**YOUR TASK**
Your task is to repeat the entries exactly from their first line through the line with "fitness_campaignのサムネイル", and to stop there.
:: RECORDS SHOWN ::
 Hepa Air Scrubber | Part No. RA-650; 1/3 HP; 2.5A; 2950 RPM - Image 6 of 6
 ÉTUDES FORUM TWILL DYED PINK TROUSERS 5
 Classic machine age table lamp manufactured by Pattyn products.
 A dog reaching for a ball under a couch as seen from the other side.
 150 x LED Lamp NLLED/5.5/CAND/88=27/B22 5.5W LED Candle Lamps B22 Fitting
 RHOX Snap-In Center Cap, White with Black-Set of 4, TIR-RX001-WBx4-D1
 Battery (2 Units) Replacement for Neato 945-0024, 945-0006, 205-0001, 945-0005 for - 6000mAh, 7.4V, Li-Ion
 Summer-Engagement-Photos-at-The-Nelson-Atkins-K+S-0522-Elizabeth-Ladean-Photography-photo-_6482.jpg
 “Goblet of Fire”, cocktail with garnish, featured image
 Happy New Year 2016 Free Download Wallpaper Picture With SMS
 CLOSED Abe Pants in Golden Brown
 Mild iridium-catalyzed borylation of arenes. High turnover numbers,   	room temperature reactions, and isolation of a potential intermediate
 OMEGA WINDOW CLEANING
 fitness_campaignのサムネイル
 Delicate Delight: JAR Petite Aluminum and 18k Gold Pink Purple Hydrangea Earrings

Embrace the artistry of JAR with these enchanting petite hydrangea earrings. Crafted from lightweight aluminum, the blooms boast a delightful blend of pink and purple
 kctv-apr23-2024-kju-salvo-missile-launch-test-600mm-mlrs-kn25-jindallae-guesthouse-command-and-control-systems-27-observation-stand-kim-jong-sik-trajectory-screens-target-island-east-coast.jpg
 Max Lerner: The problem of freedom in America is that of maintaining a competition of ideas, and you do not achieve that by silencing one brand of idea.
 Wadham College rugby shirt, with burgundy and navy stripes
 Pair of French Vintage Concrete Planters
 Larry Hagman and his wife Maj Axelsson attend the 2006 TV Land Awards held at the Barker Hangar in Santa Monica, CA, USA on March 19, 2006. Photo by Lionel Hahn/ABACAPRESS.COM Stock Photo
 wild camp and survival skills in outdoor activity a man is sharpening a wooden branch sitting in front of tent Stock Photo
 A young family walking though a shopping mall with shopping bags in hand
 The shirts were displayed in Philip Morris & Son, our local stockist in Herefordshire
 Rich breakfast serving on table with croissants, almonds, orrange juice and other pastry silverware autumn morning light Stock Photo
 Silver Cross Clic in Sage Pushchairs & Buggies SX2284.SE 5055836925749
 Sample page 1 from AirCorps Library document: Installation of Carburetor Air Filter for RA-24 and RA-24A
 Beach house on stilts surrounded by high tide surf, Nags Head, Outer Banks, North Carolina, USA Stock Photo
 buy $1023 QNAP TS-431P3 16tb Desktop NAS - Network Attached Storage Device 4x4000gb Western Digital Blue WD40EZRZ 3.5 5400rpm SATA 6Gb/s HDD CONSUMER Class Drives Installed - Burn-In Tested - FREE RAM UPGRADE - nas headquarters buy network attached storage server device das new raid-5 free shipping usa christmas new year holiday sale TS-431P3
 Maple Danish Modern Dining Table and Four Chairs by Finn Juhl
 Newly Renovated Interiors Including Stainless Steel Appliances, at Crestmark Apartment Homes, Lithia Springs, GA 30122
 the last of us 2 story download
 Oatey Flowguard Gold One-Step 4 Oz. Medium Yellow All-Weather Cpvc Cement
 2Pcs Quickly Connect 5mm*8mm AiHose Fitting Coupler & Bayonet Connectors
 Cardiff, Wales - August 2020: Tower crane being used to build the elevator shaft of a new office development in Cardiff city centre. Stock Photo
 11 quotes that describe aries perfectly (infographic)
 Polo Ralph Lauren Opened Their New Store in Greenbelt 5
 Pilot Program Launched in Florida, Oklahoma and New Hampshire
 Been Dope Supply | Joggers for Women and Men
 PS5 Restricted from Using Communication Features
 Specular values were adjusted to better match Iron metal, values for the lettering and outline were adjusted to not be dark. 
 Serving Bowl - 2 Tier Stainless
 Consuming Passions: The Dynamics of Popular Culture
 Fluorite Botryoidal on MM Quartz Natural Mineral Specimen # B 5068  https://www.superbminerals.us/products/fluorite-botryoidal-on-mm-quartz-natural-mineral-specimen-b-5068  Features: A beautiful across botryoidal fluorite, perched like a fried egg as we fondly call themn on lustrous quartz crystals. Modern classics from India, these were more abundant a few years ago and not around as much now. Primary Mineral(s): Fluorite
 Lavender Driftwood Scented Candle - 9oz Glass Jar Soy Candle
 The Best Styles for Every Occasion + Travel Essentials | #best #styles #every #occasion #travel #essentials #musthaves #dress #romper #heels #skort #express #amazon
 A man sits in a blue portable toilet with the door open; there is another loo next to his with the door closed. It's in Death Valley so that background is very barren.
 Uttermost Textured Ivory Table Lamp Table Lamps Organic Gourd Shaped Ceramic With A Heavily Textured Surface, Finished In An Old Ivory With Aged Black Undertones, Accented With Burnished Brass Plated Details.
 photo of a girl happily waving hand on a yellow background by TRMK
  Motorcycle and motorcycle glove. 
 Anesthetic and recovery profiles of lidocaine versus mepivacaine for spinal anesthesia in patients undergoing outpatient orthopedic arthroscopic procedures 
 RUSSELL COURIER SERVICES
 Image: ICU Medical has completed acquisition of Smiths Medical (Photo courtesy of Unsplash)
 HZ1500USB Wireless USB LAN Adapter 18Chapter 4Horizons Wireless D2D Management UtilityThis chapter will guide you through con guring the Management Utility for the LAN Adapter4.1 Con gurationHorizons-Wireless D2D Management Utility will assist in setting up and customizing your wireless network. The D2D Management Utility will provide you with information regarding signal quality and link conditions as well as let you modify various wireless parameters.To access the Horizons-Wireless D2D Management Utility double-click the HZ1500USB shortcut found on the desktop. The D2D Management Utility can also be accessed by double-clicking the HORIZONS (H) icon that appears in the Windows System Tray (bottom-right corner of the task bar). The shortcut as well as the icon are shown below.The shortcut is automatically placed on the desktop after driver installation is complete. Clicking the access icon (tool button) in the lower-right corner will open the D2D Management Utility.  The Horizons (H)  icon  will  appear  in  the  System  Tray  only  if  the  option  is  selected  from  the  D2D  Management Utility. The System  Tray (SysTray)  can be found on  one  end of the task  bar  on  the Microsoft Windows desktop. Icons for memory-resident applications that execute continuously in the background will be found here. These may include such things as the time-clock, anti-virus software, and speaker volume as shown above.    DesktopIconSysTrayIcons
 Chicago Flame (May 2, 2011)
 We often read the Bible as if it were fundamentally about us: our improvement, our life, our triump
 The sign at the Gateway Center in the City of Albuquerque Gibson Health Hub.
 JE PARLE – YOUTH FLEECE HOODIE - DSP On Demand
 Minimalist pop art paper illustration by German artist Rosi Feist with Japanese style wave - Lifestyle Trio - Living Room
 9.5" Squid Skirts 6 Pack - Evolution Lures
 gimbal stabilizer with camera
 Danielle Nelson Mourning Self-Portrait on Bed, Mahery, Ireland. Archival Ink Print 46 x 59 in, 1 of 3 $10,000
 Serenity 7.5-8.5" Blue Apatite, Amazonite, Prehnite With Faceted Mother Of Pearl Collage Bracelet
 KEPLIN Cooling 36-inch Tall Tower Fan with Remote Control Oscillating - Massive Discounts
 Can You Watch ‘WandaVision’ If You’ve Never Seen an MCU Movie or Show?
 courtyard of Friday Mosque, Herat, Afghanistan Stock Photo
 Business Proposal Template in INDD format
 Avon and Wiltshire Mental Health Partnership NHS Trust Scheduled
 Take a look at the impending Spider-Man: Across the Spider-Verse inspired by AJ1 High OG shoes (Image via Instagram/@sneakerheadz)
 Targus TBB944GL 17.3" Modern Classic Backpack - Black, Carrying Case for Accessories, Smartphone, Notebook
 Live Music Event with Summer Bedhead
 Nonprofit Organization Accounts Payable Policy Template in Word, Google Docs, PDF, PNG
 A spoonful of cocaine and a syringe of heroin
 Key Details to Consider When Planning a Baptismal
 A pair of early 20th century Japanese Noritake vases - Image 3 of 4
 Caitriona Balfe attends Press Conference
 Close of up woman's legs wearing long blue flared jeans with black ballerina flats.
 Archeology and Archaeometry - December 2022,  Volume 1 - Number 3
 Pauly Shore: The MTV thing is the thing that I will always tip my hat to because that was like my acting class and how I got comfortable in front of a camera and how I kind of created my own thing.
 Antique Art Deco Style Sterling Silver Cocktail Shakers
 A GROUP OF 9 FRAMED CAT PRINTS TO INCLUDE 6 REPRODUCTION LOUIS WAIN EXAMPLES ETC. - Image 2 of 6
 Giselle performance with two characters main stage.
:::
**ANSWER TO THE PROBLEM**
 Hepa Air Scrubber | Part No. RA-650; 1/3 HP; 2.5A; 2950 RPM - Image 6 of 6
 ÉTUDES FORUM TWILL DYED PINK TROUSERS 5
 Classic machine age table lamp manufactured by Pattyn products.
 A dog reaching for a ball under a couch as seen from the other side.
 150 x LED Lamp NLLED/5.5/CAND/88=27/B22 5.5W LED Candle Lamps B22 Fitting
 RHOX Snap-In Center Cap, White with Black-Set of 4, TIR-RX001-WBx4-D1
 Battery (2 Units) Replacement for Neato 945-0024, 945-0006, 205-0001, 945-0005 for - 6000mAh, 7.4V, Li-Ion
 Summer-Engagement-Photos-at-The-Nelson-Atkins-K+S-0522-Elizabeth-Ladean-Photography-photo-_6482.jpg
 “Goblet of Fire”, cocktail with garnish, featured image
 Happy New Year 2016 Free Download Wallpaper Picture With SMS
 CLOSED Abe Pants in Golden Brown
 Mild iridium-catalyzed borylation of arenes. High turnover numbers,   	room temperature reactions, and isolation of a potential intermediate
 OMEGA WINDOW CLEANING
 fitness_campaignのサムネイル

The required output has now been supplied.